# Ernie Adams



## Robert M Hughes (Oct 16, 2010)

Ernie,

Where are you ? Last seen in Kesh Co. Fermanagh then disappeared to the Panamian flag.
I had Kesh Electrics and farm at Clonelly.

Would be great to make contact. [email protected]

Bob


----------



## harry t. (Oct 25, 2008)

just read your post. regrettably ernie passed away some years back (about 1990 or thereabouts). he is survived by his wife. she has since sold the (the anchor inn) in kesh they had bought after he retired. regards harry t.


----------



## Robert M Hughes (Oct 16, 2010)

Harry, Many thanks for the information - Ernie and I were good friends - I had Kesh Electrics and a farm at Clonelly after returning from Jo'burg. Sold up and now in the Cotswolds. I've still got his info on going Panamanian flag ! Too late now.
Really appreciate your reply.
Best wishes,
Bob


----------



## bluemoon (Jul 19, 2009)

About 30 years ago my wife and I were in the area and decided to stop at the pub for lunch. I was admiring all the photographs of ships on the wall when Ernie came from behind the bar and introduced himself. It was only then that I realised I knew him from before that when he somehow got hold of my name and phone number and tried to persuade me to join Sanko Line.

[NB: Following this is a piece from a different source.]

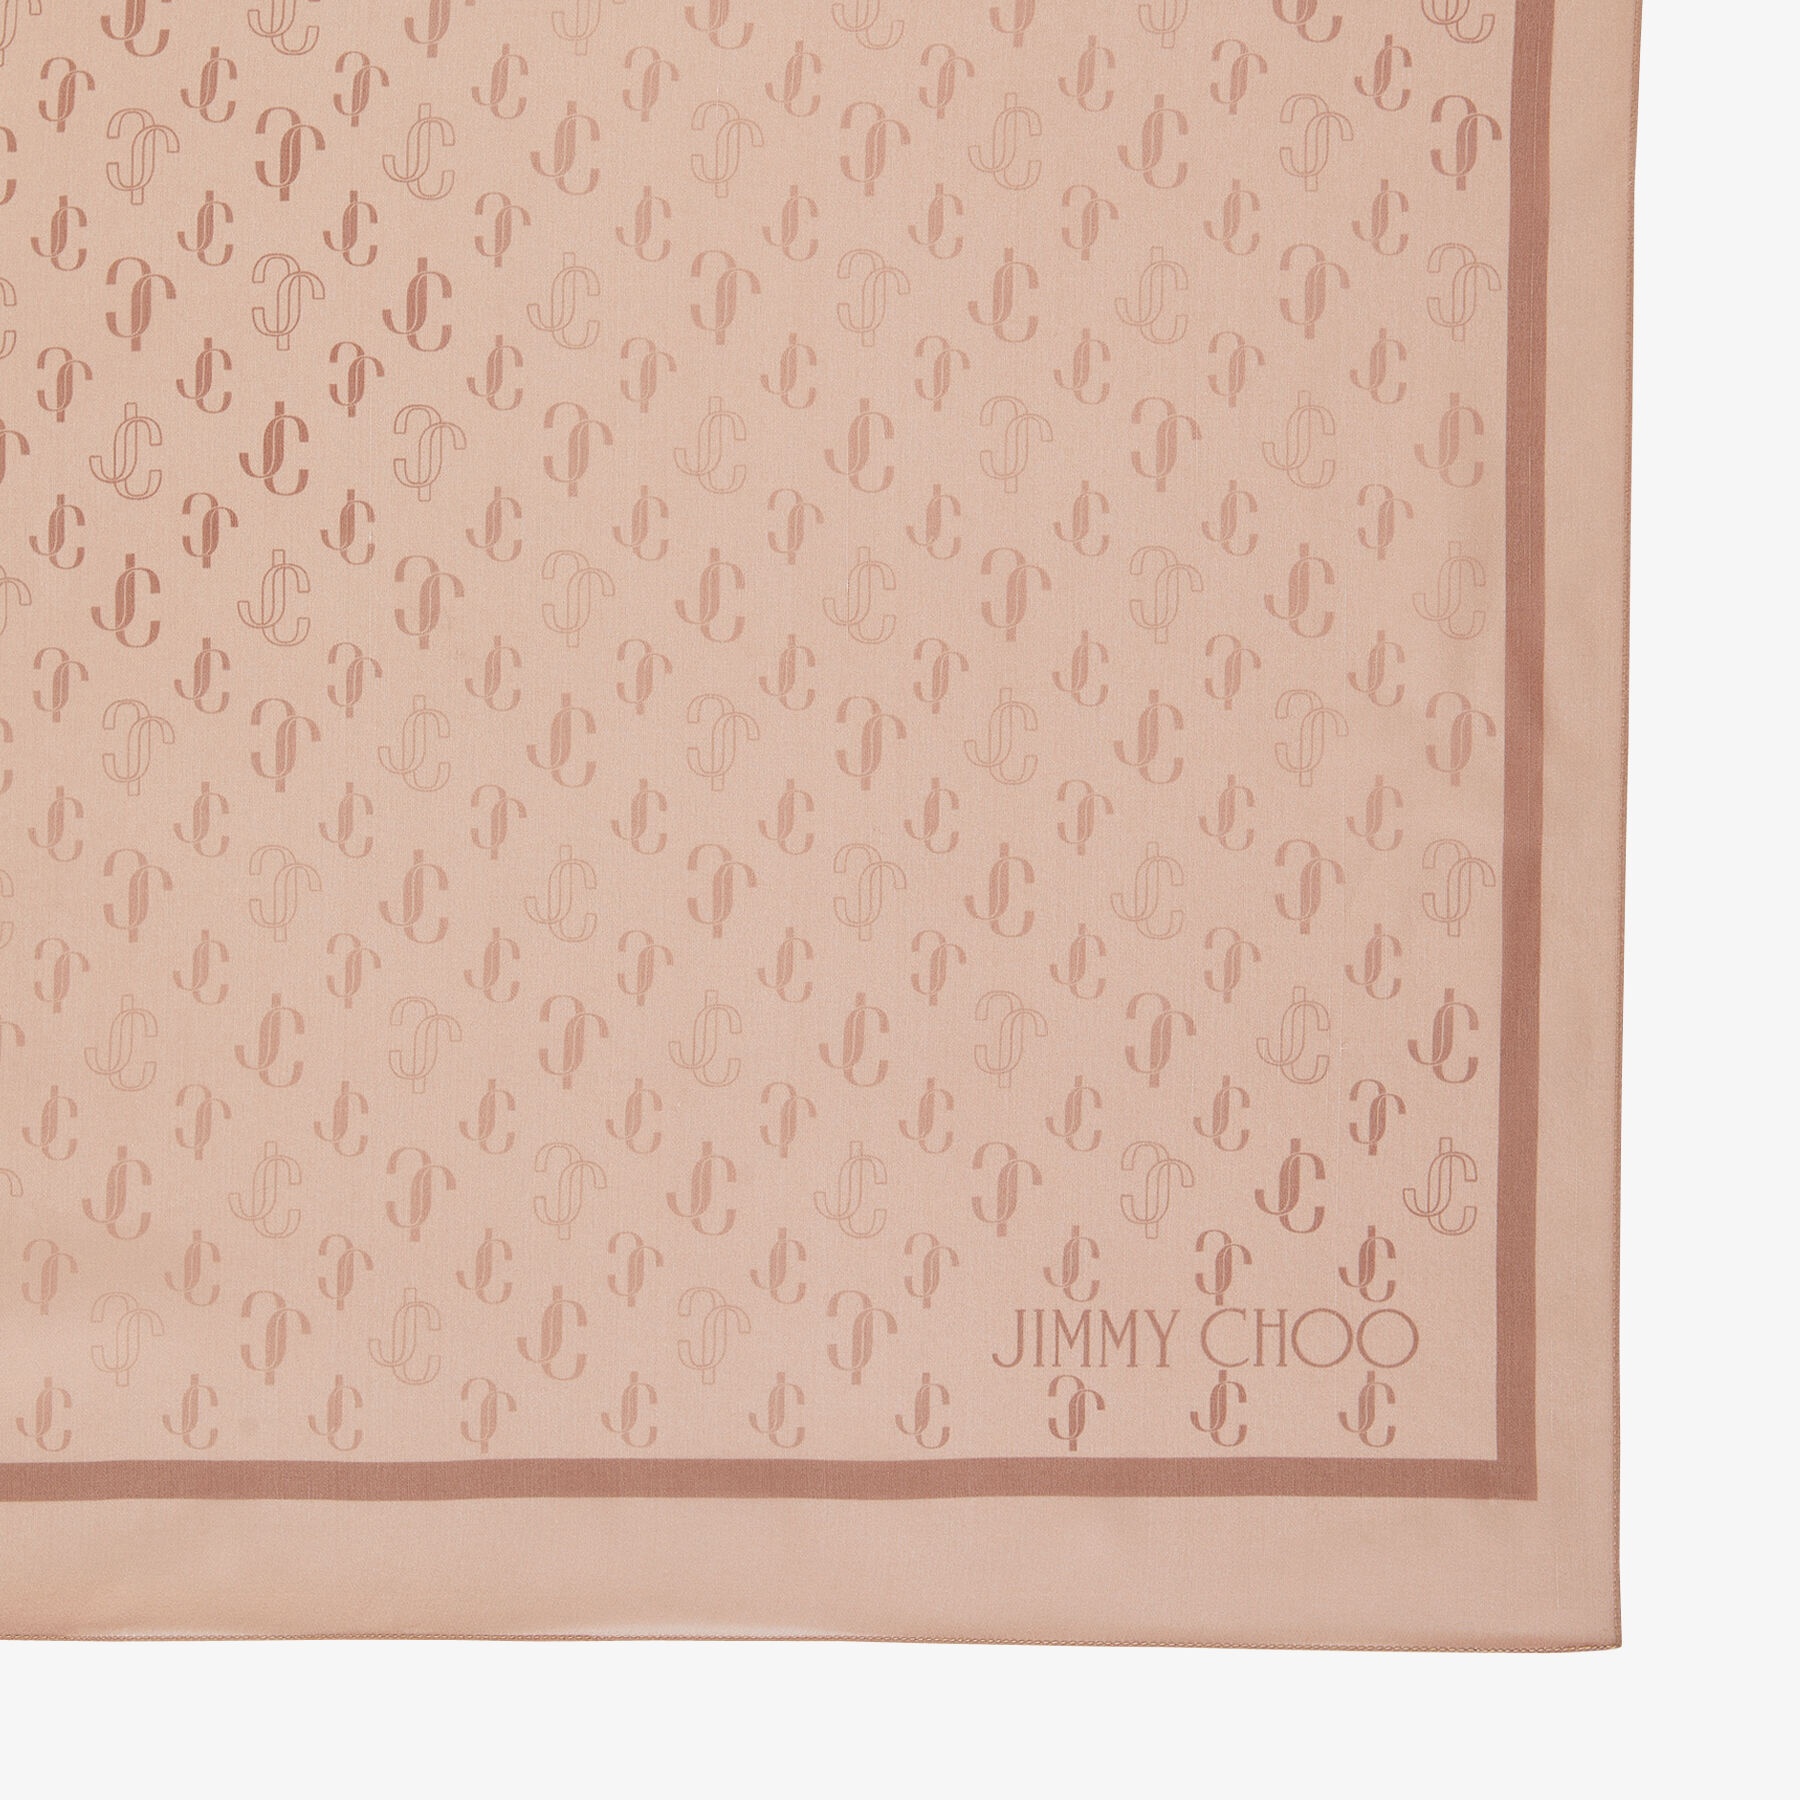 Doris
Ballet Pink Silk Stole with JC Monogram Repeat Print - 3

Little did I know then that I would also get to know his brother very well some years later. I believe Fred also passed away a few years ago.


----------



## Robert M Hughes (Oct 16, 2010)

I think Ernie must have been on a finder's fee from Sanko !


----------



## bluemoon (Jul 19, 2009)

Ernie arranged for us to meet at a certain bar/hotel in Portrush. After much conversation and copious pints I very nearly agreed to join them, but then thought better of it and decided to stay with my then current employers Scottish Ship Management.


----------